Living in a Stressful Time

I’d sincerely like to apologize for my lack of posting and my lack of motivation to write. Life’s been kinda crazy for the past few weeks. Chadwick Boseman dying of cancer, the shooting of Jacob Blake, the civil unrest, the political divide, covid, old people on facebook trying to tell me to not wear a mask because the mask might kill me and it’s a symbol of oppression for the dictator governors to keep people in line or whatever dumb conspiracy they’ve come up with. Not to mention I work 5 days out of the week and any day off I get is usually dedicated to running errands or attempting to relax and unwind. This all leads to some pent up frustration which is currently being let out on the people around me. Tragic, I know. Finding better outlets for my stress has been a struggle and a half for many years.

It doesn’t help that I chose a career in an entirely service-based industry. I’m an introvert so things like that can exhaust me. And then friends and family want to hang out. I usually choose to just watch tv in the evenings in an attempt to unwind from the day. I’ve found that writing has really helped me vent about all the things I’ve been feeling. It helps me focus and at the same time I am addressing my emotions (aka: processing them properly).

Now to clarify, I don’t feel helpless or depressed or anything. I just feel overwhelmed. That might have something to do with the fact that I went months being unemployed or working part-time retail and then going 2 months in quarantine which involved doing nothing but small activities to pass the time. It’s amazing what jumping head-first into a full time job will do to your energy after being complacent for the first 6 months of the year.

I don’t have anxiety attacks as much as I did when I was younger. I do have fits of anxiety sometimes if I get super overwhelmed, but it mostly presents itself as anger or frustration more than your average symptoms of anxiety. Many times, I’ll get irritated with my clients for asking for something different halfway through the haircut. It wastes my time and pushes back my appointments. But afterwards when I’ve cooled down I realize it’s not actually frustration with my clients. It’s frustration with myself. It’s also frustration that something didn’t go as I had planned out in my head.
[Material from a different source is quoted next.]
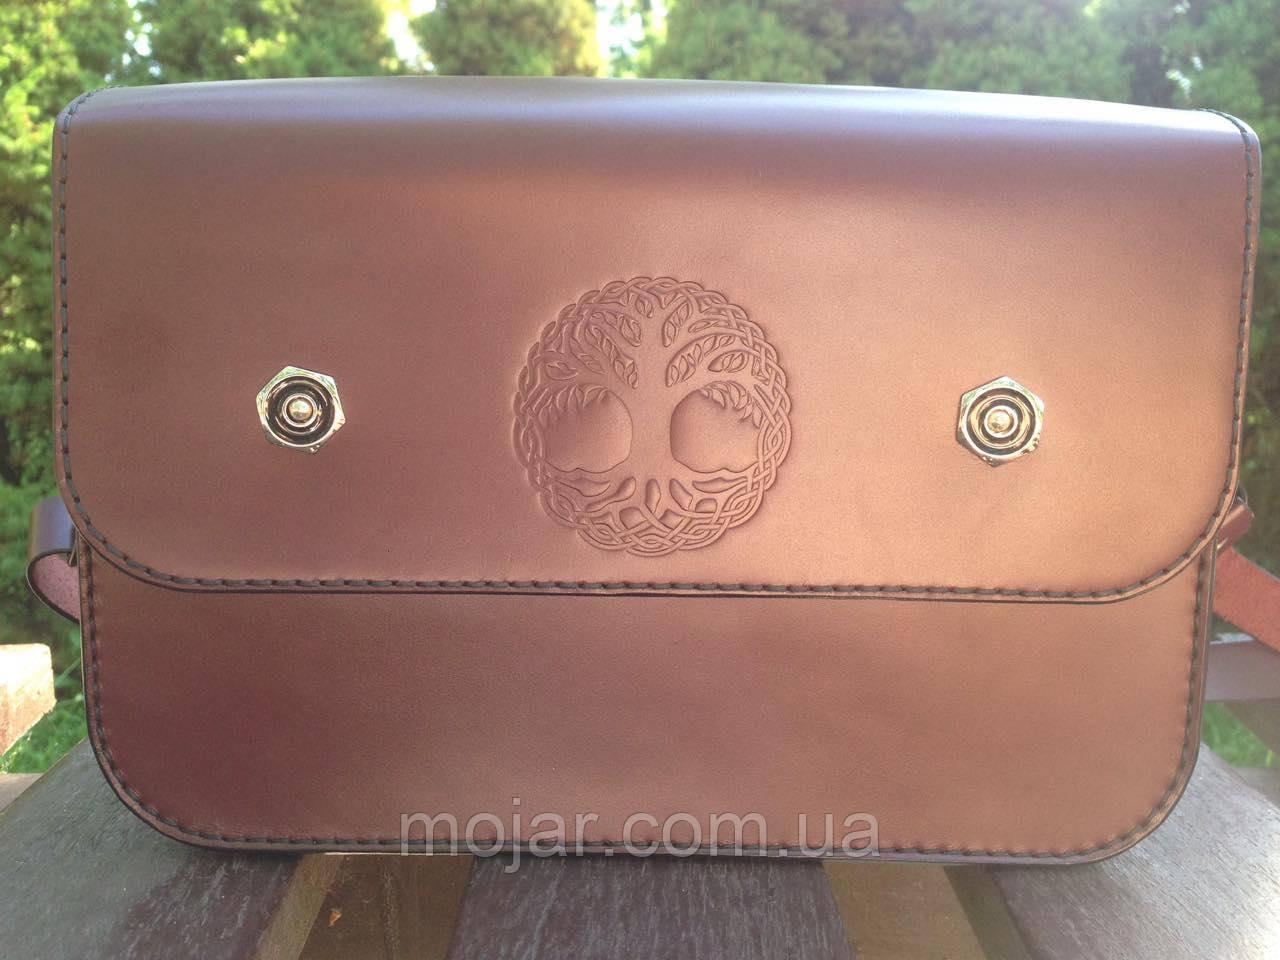 Жіноча сумочка  «Mavka» з натуральної шкіри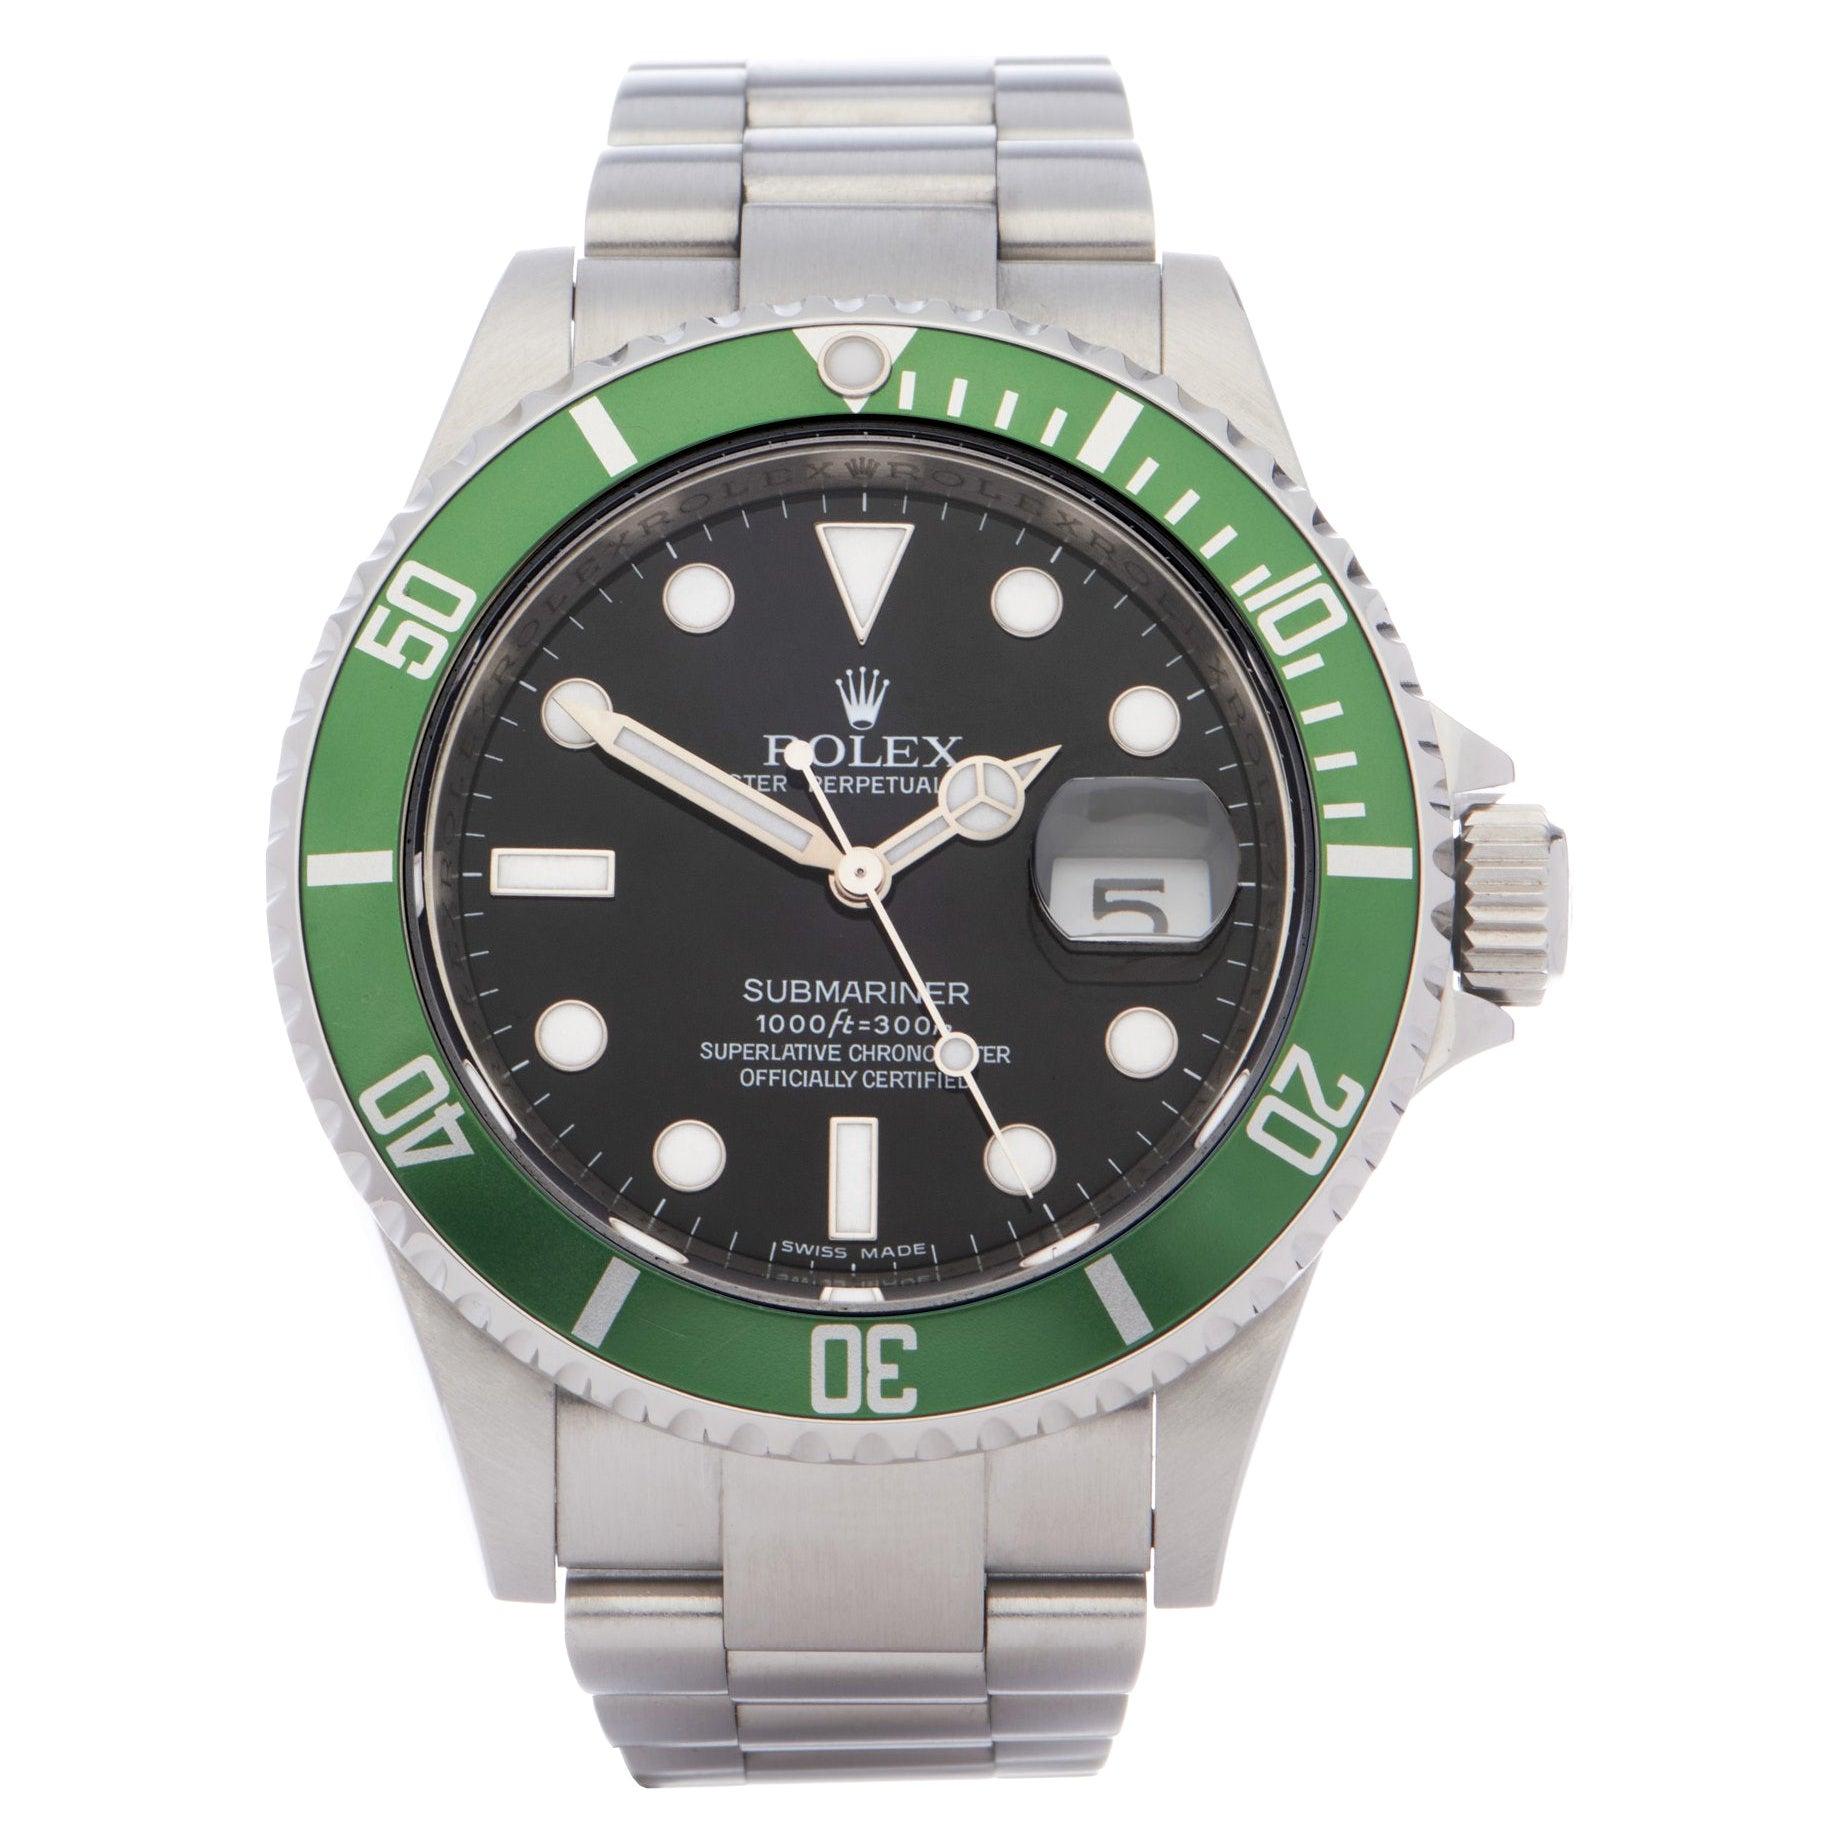 Rolex Submariner 0 16610LV Men Stainless Steel 0 Watch

Cutting hair requires a lot of planning in your head. When you’re consulting with your client about what haircut they want, you have to imagine what it will look like, think about what tools you will use, think about what angle you’ll cut the hair. It takes planning. I haven’t been in the industry long enough to be used to dealing with the change of haircut. It takes time and it takes a lot of adjusting (going with the flow so to speak). I’ve been coaching myself on how not to take criticism to heart but what about when the criticism isn’t being said? When the criticism is coming from your own thoughts and you’re assuming that the client is judging you, what do you do in that situation?

These are not questions with blatant answers. Most of you reading this probably don’t know what I’m talking about and you probably definitely don’t cut hair. But I feel this can be applied to your own personal life as well like when you feel someone is judging you and you begin to judge yourself. Being self aware means dragging yourself back from those thoughts and realigning.

So let’s not take things to heart so much. Let’s try our best to stay positive and remember that everyone around you is learning and growing.